Boa parte dessa confusão poderia ter sido evitada ainda em 1811, quando Avogadro postulou que volumes iguais de gases (desde que sua temperatura e pressão fossem iguais) continham números iguais de moléculas. Mas as implicações desse princípio levariam mais de 40 anos para ser apreciadas, quando Cannizarro percebeu que ele poderia ser usado para calcular massas atômicas precisas. Finalmente, em 1860, foi realizada em Karlsruhe a primeira conferência internacional de químicos da história, com o objetivo expresso de esclarecer a confusão em torno dos átomos, moléculas, massas atômicas e valências, e a proposta de Cannizarro, apresentada com argumentos belíssimos, foi aceita, levando a um consenso. Finalmente, com massas atômicas corrigidas e uma idéia clara da valência, estava aberto o caminho para uma classificação abrangente dos elementos.
É um exemplo notável de sincronicidade o fato de que ao longo da década seguinte foram criadas nada menos do que seis classificações desse tipo, todas baseadas na descoberta da periodicidade. De Chancourtois, na França, Newlands e Odling, na Inglaterra, Meyer, na Alemanha, Hinrichs, nos EUA, e Mendeleiev, na Rússia, todos observaram que, se os elementos fossem organizados em ordem de massa atômica crescente, tornava-se evidente a existência de uma periodicidade de propriedades químicas e físicas.

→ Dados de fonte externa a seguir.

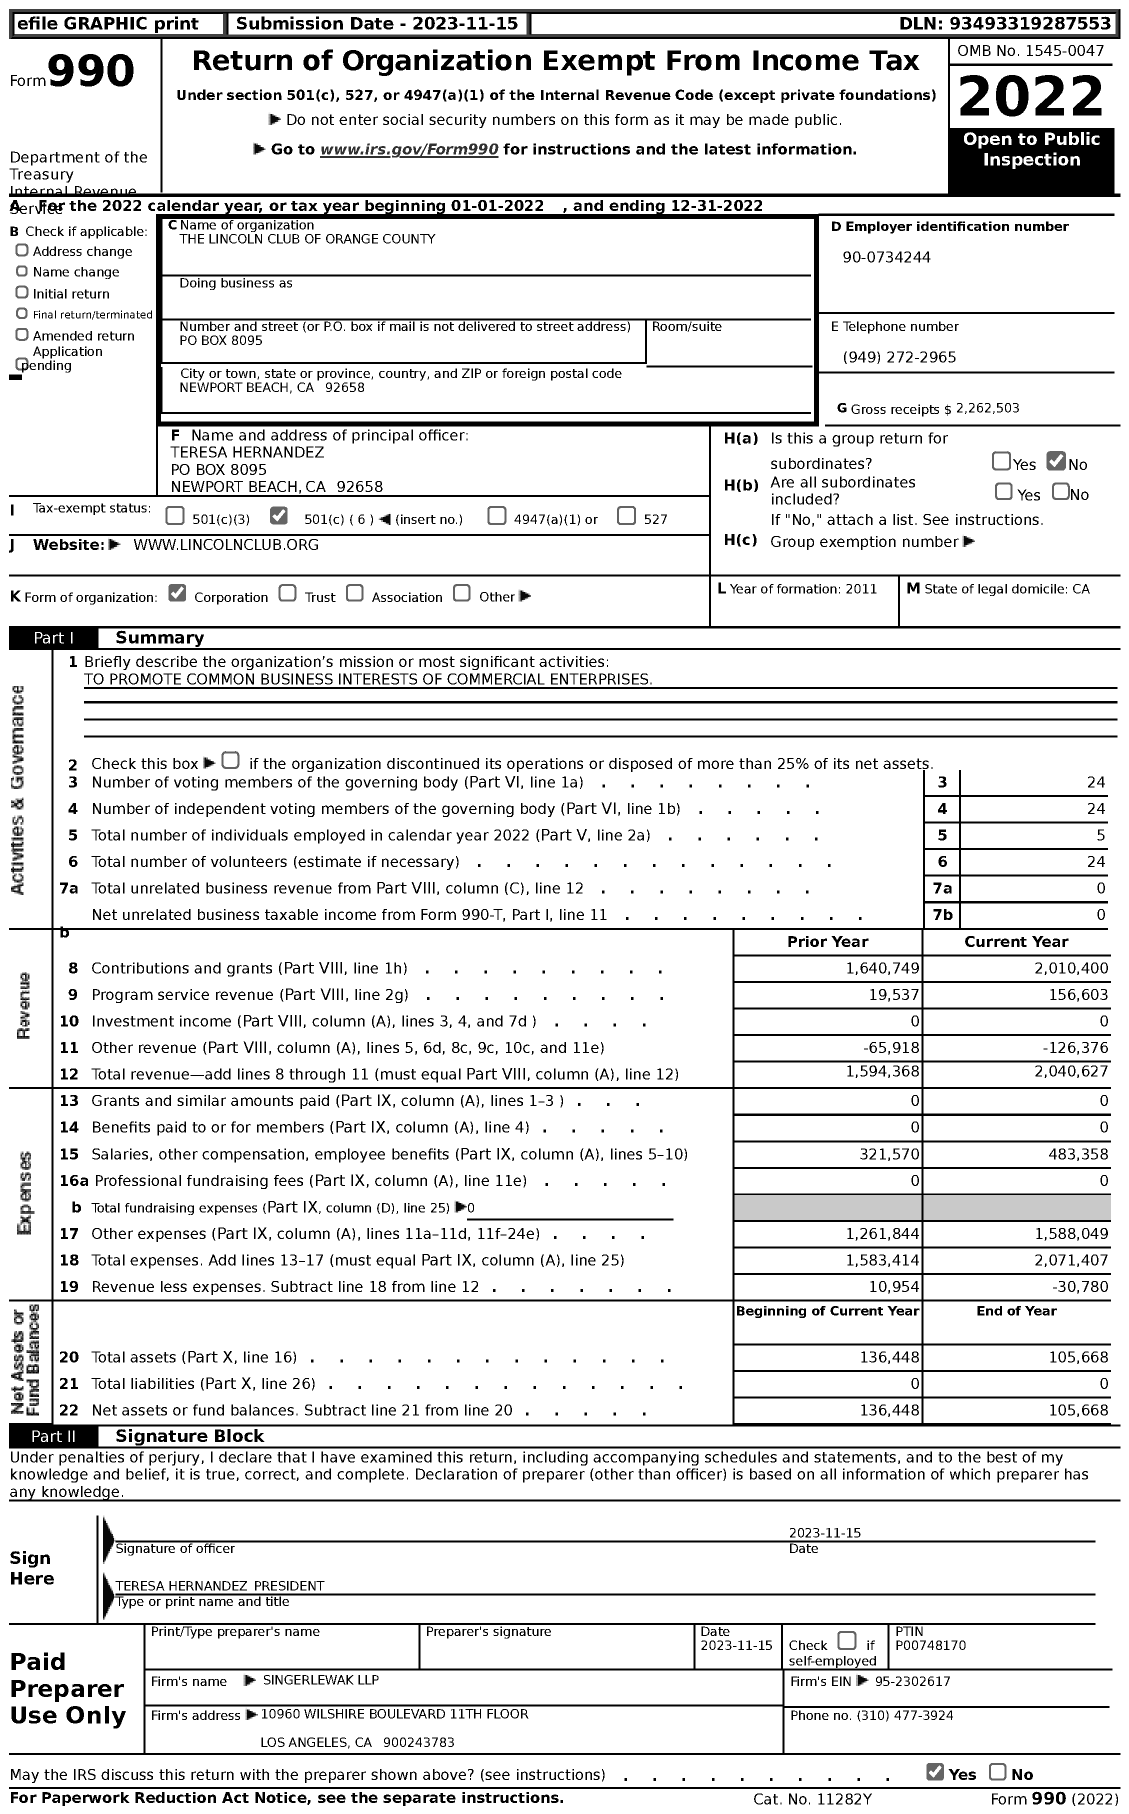 Image of first page of 2022 Form 990 for The Lincoln Club of Orange County

O primeiro a dar-se conta disso foi o mineralogista francês De Chancourtois, 18 meses após a reunião de Karlsruhe. Ele o ilustrou, com 24 elementos, inscrevendo os elementos numa hélice traçada na superfície de um cilindro, de modo que os elementos com propriedades semelhantes se encaixassem um debaixo do outro. Mas, por várias razões -uma das principais foi o fato de a "Comptes Rendus" não ter publicado seu diagrama da hélice-, o sistema de De Chancourtois, sua "vis tellurique", foi completamente ignorado. Os quatro outros sistemas periódicos divulgados na década de 1860 tiveram destino semelhante, de modo que hoje falamos em Mendeleiev como o descobridor ou originador único do sistema periódico. Mas não há dúvida de que o sistema de Mendeleiev era de longe o mais abrangente e mais profundamente pesquisado, e que, com sua enorme audácia, ousou traçar previsões detalhadas sobre elementos ainda desconhecidos, coisa que nenhuma das outras classificações se aventurara a fazer.